Das klingt so, als könnte man durch sein eigenes Verhalten das Krebsrisiko deutlich senken ...
Ja. Der individuelle Lebensstil ist ganz eindeutig der Schwerpunkt für das Krebsrisiko. Viele andere Einflüsse sind im Alltag aber kaum vermeidbar. Und es gilt immer zu bedenken, dass manches erst noch erforscht werden muss. Drei simple Regeln helfen aber jedem schon viel weiter: Man sollte nur mäßig Alkohol trinken, nicht Rauchen und sich ausgewogen ernähren.
Ernähren sich die Menschen heute ungesünder als früher? Oder woran liegt es, dass es gefühlt immer häufiger Krebsfälle gibt?
Im Wesentlichen ist das der Preis für unsere hohe Lebenserwartung. Bei den Zahlen festgestellter Krebsfälle spielen oft auch neue Untersuchungsmethoden eine Rolle. Wenn viele Frauen am Brustkrebs-Screening teilnehmen oder mehr Patienten eine Darmspiegelung machen, wirkt sich das natürlich auf die Statistik aus. Dadurch gibt es aber nicht mehr Krebskranke. Tatsächlich ist es so, dass Betroffene dadurch früher und besser behandelt werden können – und die Sterblichkeit durch Krebs sinkt.
Eine Merkwürdigkeit bleibt aber: Zwischen dem auslösenden Ereignis einer Krebserkrankung und deren Ausbruch können Jahrzehnte liegen. Also müssten sich doch in der aktuellen Krebsstatistik der Jahre 2004-2013 für Riesa auch Leute finden, die zu DDR-Zeiten etwa im Rohrkombinat oder im Reifenwerk gearbeitet haben?
Ja. Allerdings geben die Zahlen für Riesa keine Auffälligkeit her. Das liegt wohl daran, dass die Schadstoffbelastung der Umwelt laut Deutschem Krebsforschungszentrum nur für zwei Prozent der Krebsfälle verantwortlich ist.
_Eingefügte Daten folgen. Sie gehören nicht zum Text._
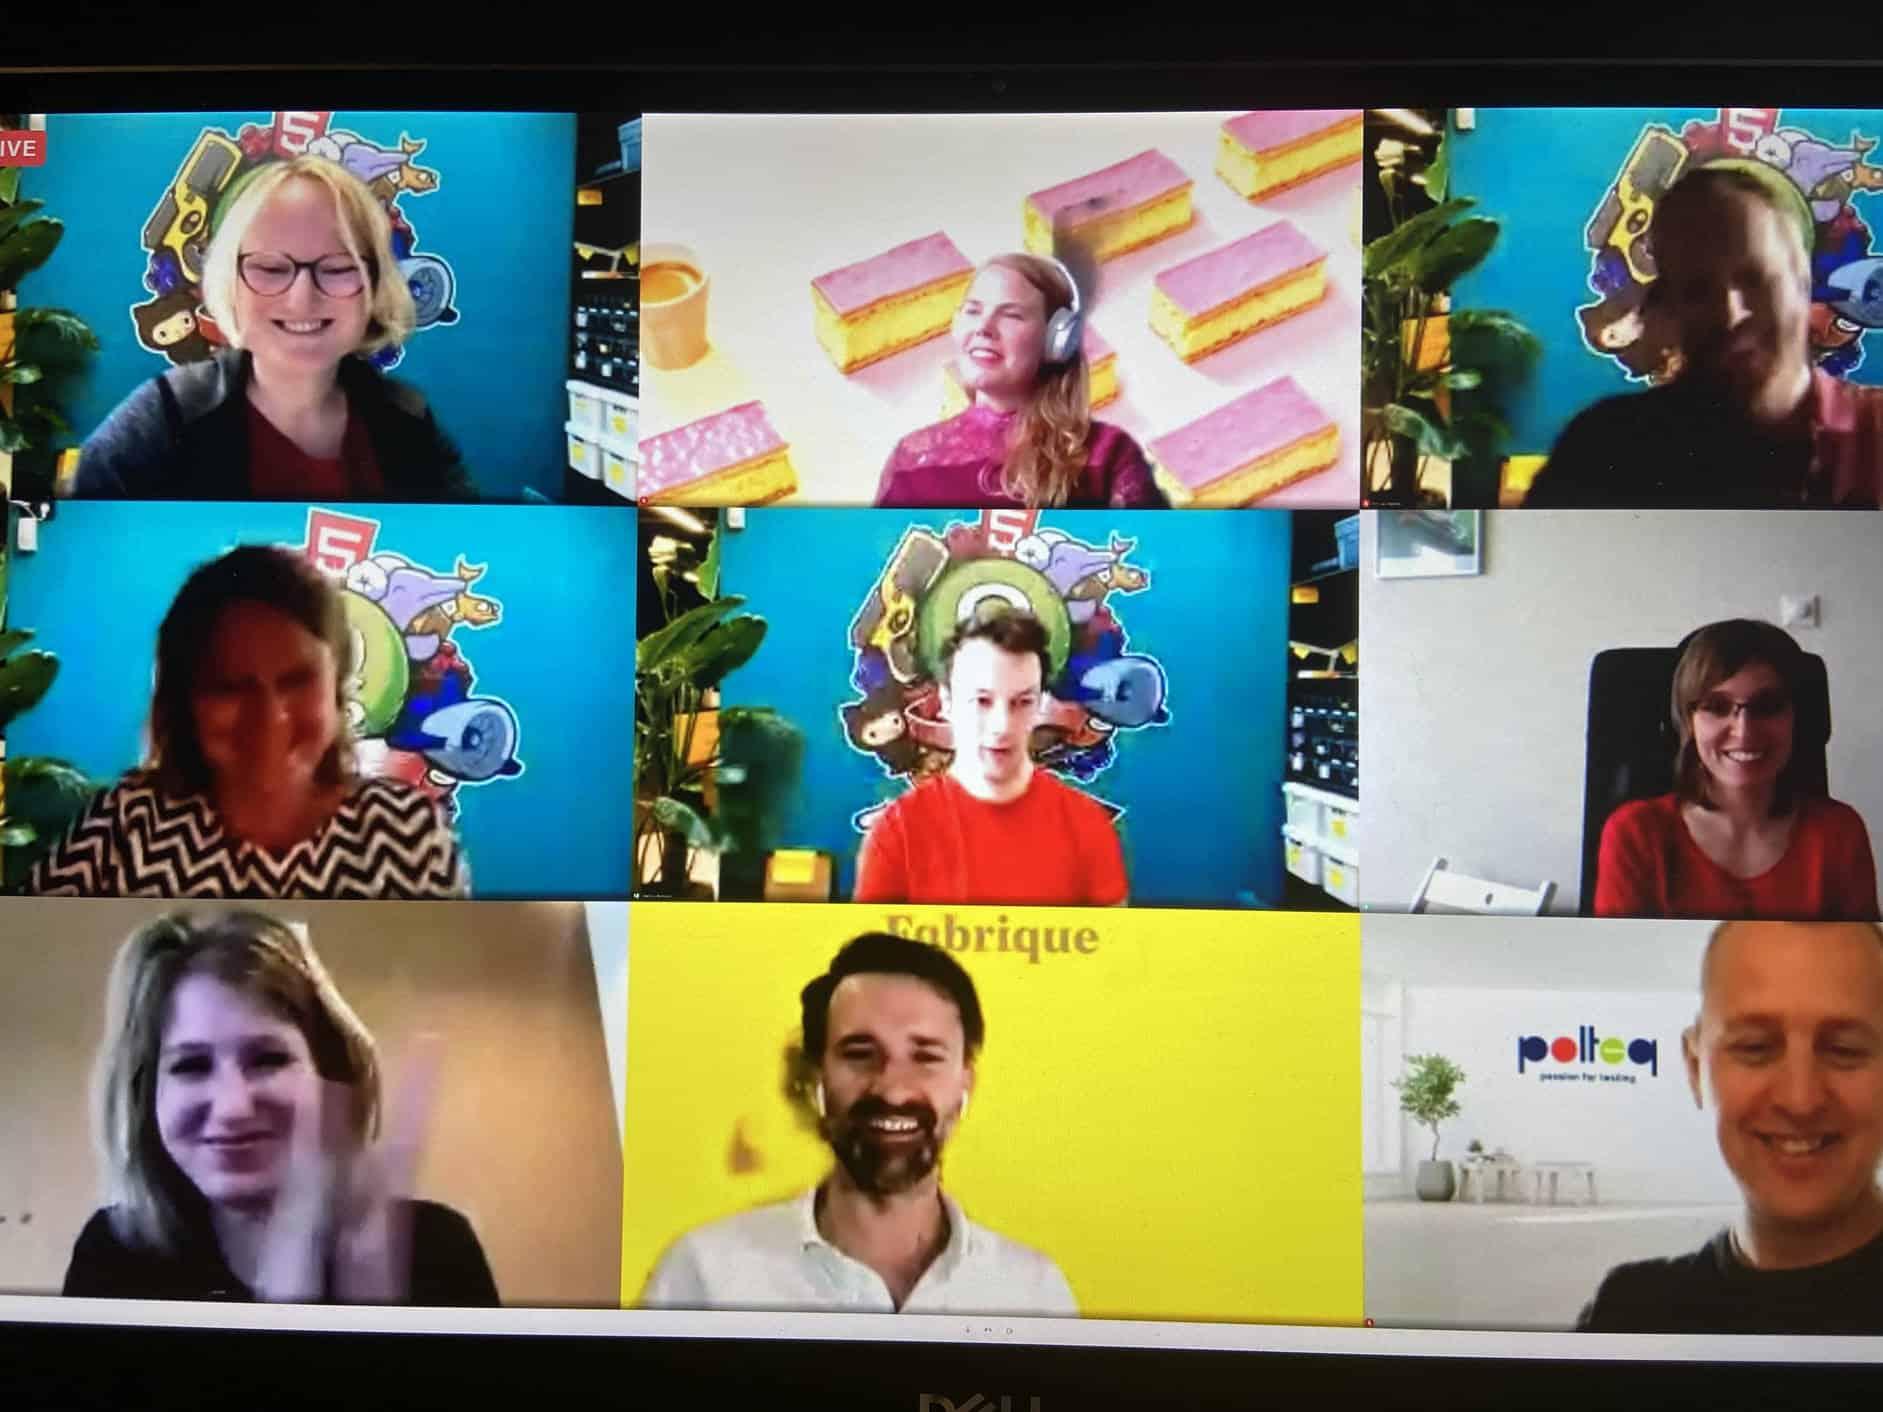 Het team van HEMA, Q42, Polteq en Fabrique tijdens de online award uitreiking van de Dutch Interactive Awards:

Etwas mehr ist es natürlich bei denen, die den Stoffen am Arbeitsplatz direkt ausgesetzt waren – nicht nur in Stahlwerken, sondern etwa auch im Wismut-Bergbau oder bei Malern und Lackierern, die früher keine Atemmasken trugen.
Was bleibt dann noch von den Vorwürfen gegen Feralpi?
Nichts. Weit gefährlicher ist es, Billigschuhe zu tragen, die in Bangladesch oder Indien mit Chrom gegerbt wurden. Der Bluthochdruck nach dem Lesen eines alarmistischen Zeitungsartikels ist wahrscheinlich bedrohlicher als die Luft in Riesa.